Hi PyTorch community,
We are evaluating distributed training for PT 2.0 with compilation. We noticed that compiling a ~ 1B model will cause the first few steps to be slower and it can take ~10 mins for training to reach stable and full throughput state. I am wondering if a compiled model can be saved as some intermediate format so that re-launching training with the same model will take less time.
we do cache the compiles, so that when you run the script again, you shouldn’t be running into recompiles (unless the cache got full).
But we can do a lot more, including having a saveable cache, as well as a moveable (or distributed) cache. At the moment, we don’t have this.
Thanks @smth ! I wonder where is the cache saved to?

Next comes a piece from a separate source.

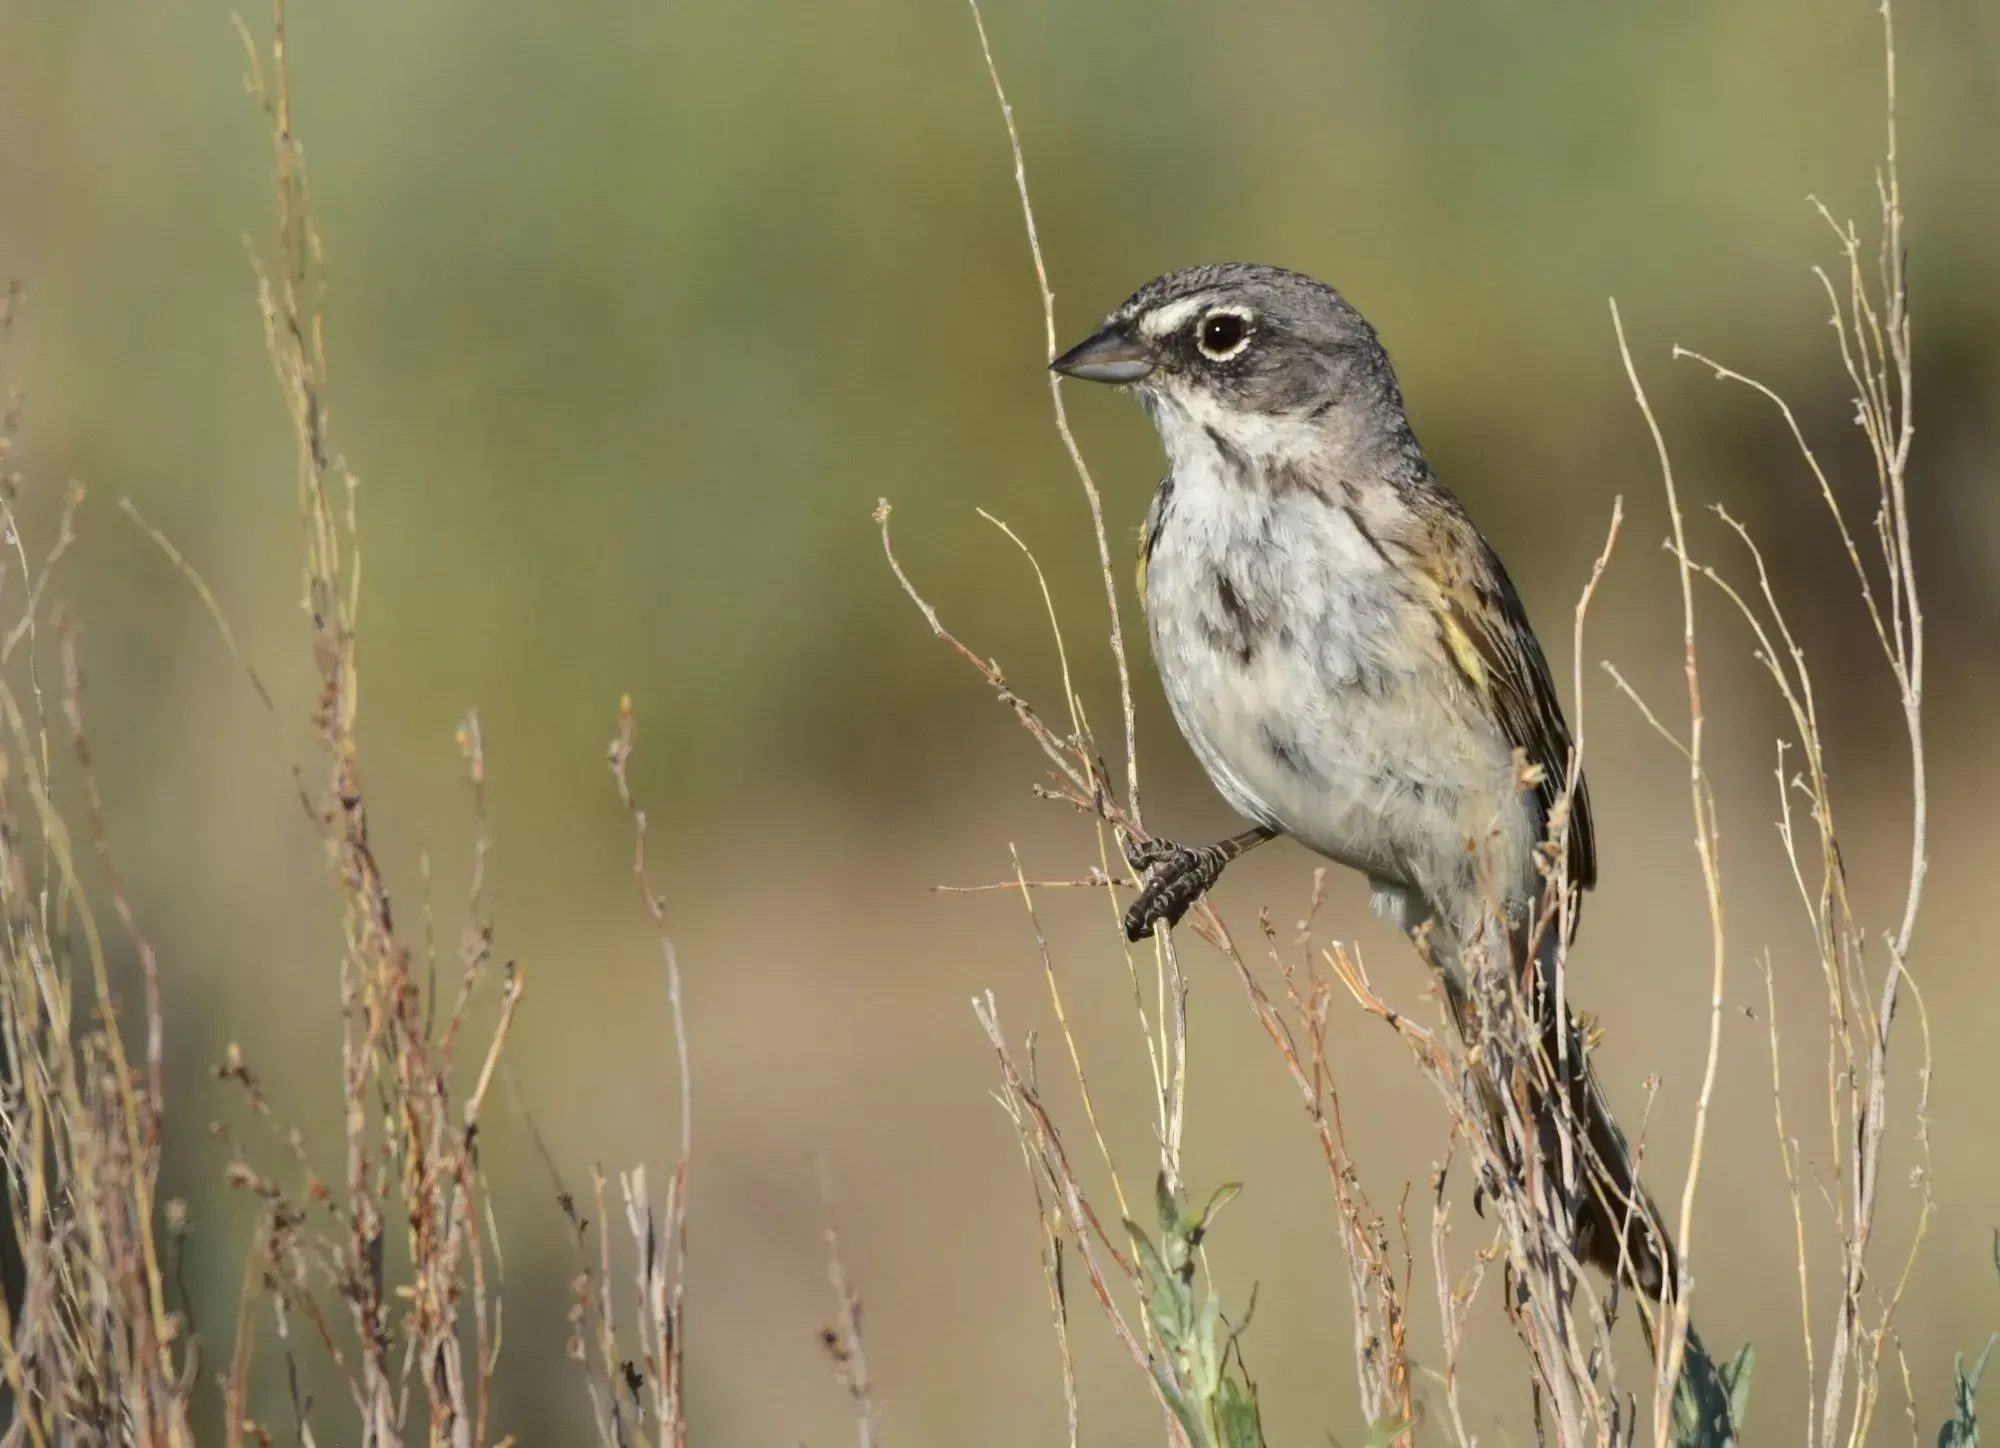 The sagebrush sparrow range map is around western United States, Mexico and parts of California.

Also a related question is that we saw this warning when compiling fairseq roberta 1.3B,
4: function: 'gelu' (/fairseq/fairseq/modules/gelu.py:24)
4: reasons: tensor 'x' size mismatch at index 0. expected 492, actual 440
4: to diagnose recompilation issues, see https://pytorch.org/docs/master/dynamo/troubleshooting.html.
2: [2023-01-07 09:23:10,654] torch._dynamo.convert_frame: [WARNING] torch._dynamo hit config.cache_size_limit (64)
2: function: 'gelu' (/fairseq/fairseq/modules/gelu.py:24)
2: reasons: tensor 'x' size mismatch at index 0. expected 368, actual 506
2: to diagnose recompilation issues, see https://pytorch.org/docs/master/dynamo/troubleshooting.html.
Would you share some insights on what this means? Is this an error or a warning? thanks!